GIVEN DATA.
============================================================

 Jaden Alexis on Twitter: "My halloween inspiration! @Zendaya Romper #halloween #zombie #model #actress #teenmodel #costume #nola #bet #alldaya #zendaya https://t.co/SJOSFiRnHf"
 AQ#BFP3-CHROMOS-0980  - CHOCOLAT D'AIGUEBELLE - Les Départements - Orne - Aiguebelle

============================================================

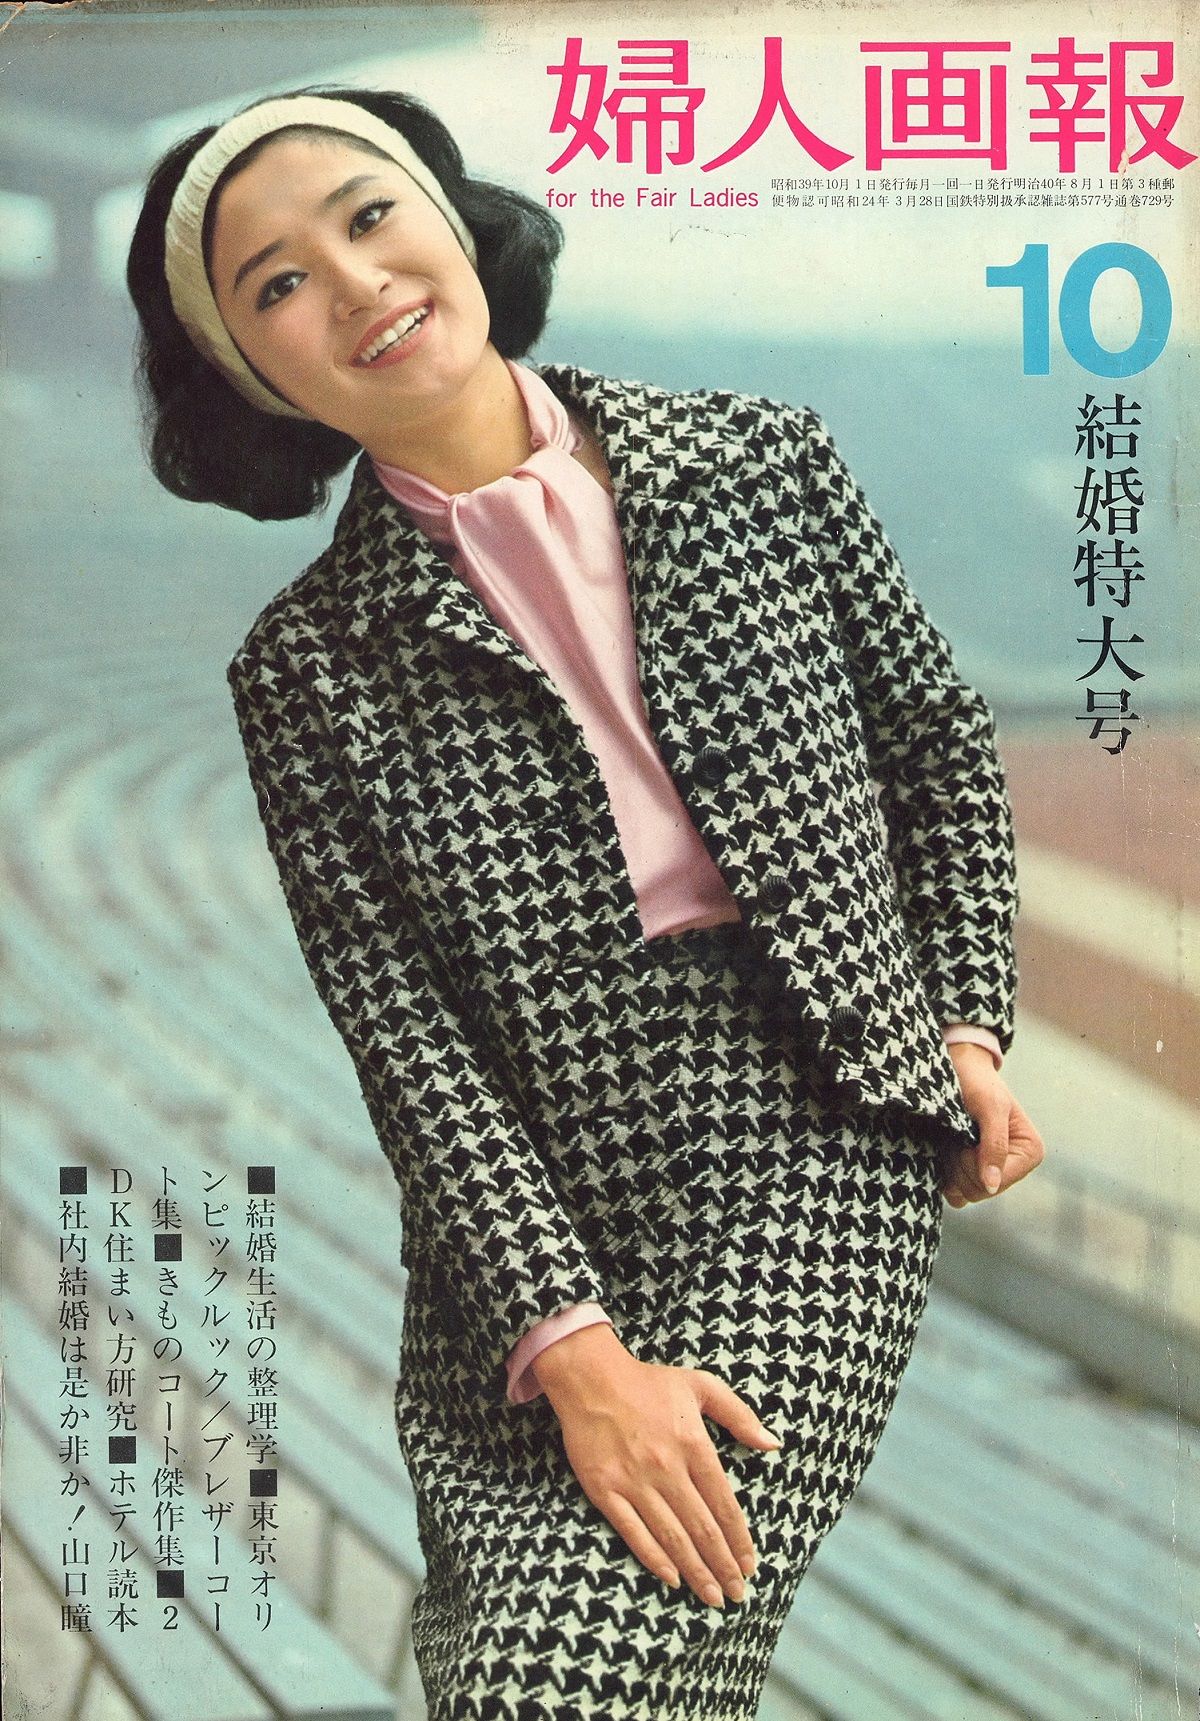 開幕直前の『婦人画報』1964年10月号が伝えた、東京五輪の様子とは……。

============================================================

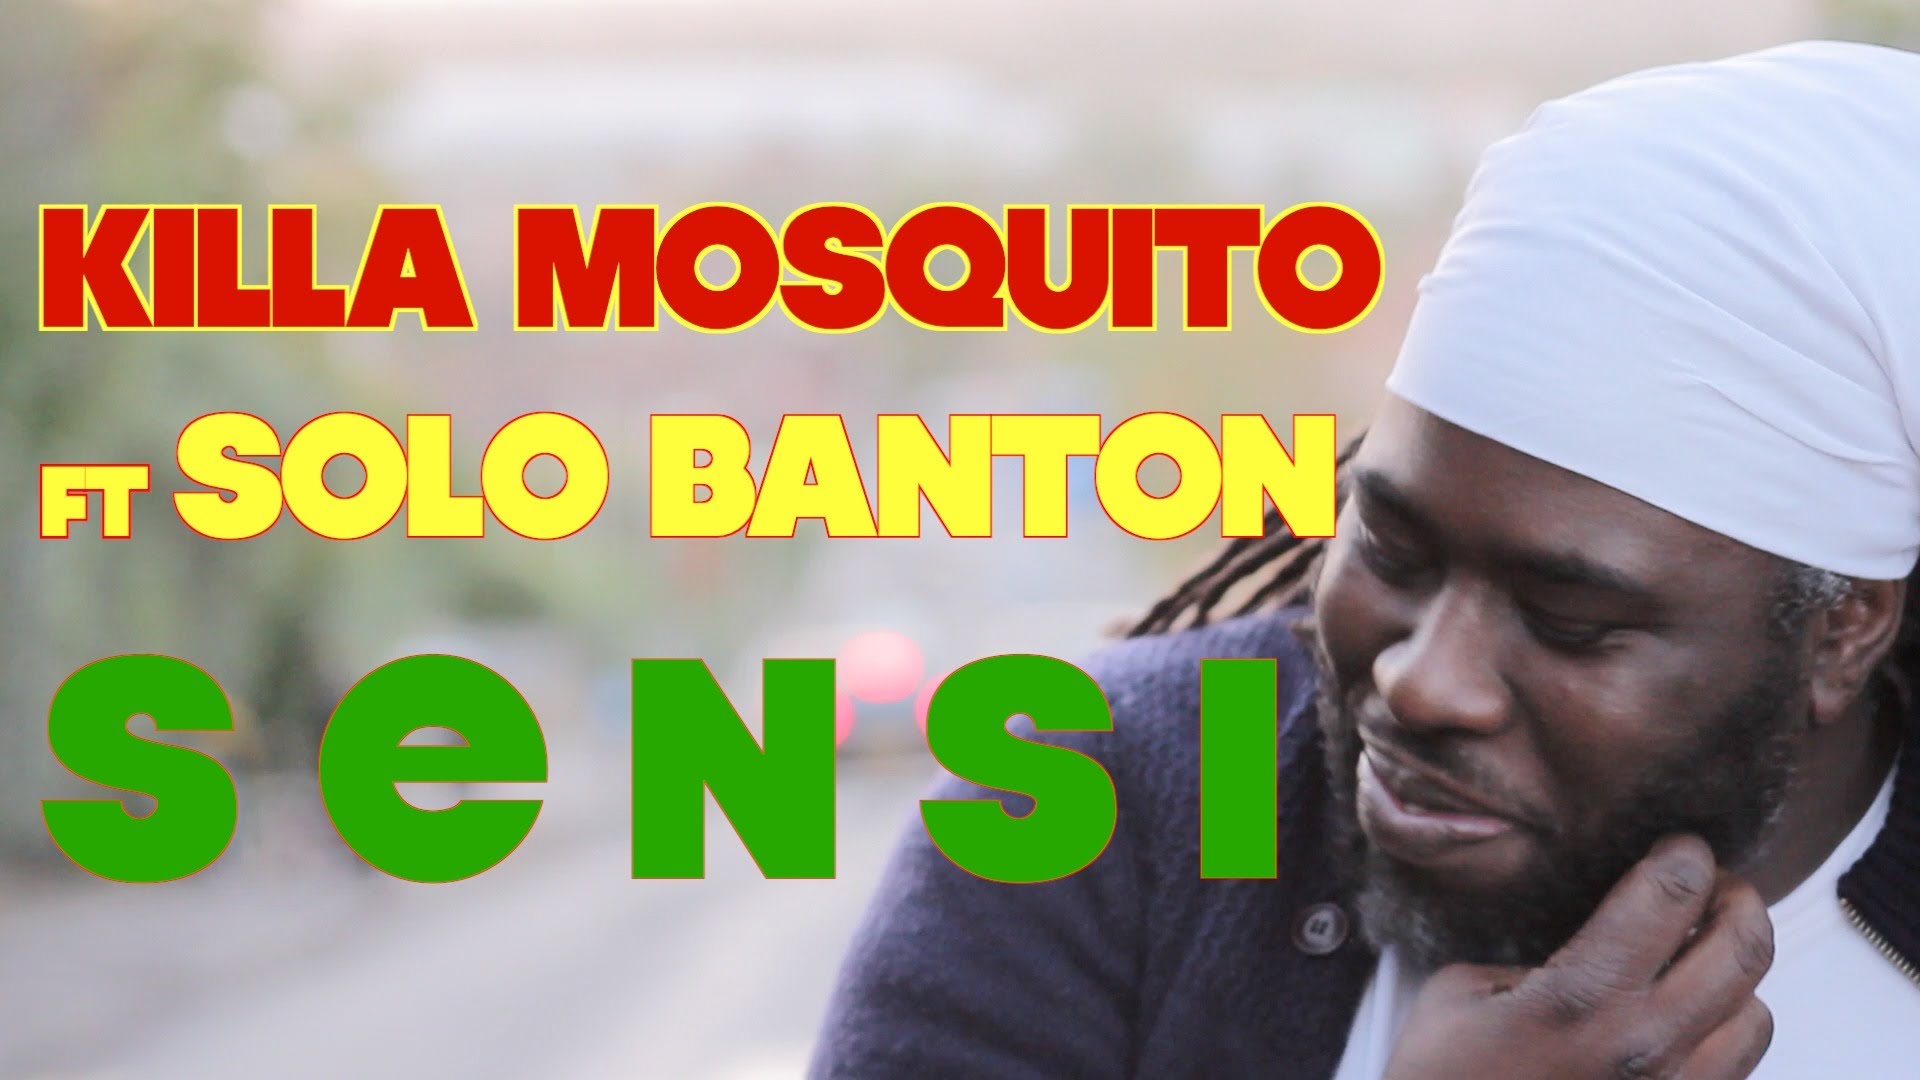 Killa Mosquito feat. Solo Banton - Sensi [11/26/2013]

============================================================

In the listing above, find the line containing "Jaden Alexis on" and the line containing "Orne - Aiguebelle", then retype both and every line between them exactly, with nothing else.

 Jaden Alexis on Twitter: "My halloween inspiration! @Zendaya Romper #halloween #zombie #model #actress #teenmodel #costume #nola #bet #alldaya #zendaya https://t.co/SJOSFiRnHf"
 AQ#BFP3-CHROMOS-0980  - CHOCOLAT D'AIGUEBELLE - Les Départements - Orne - Aiguebelle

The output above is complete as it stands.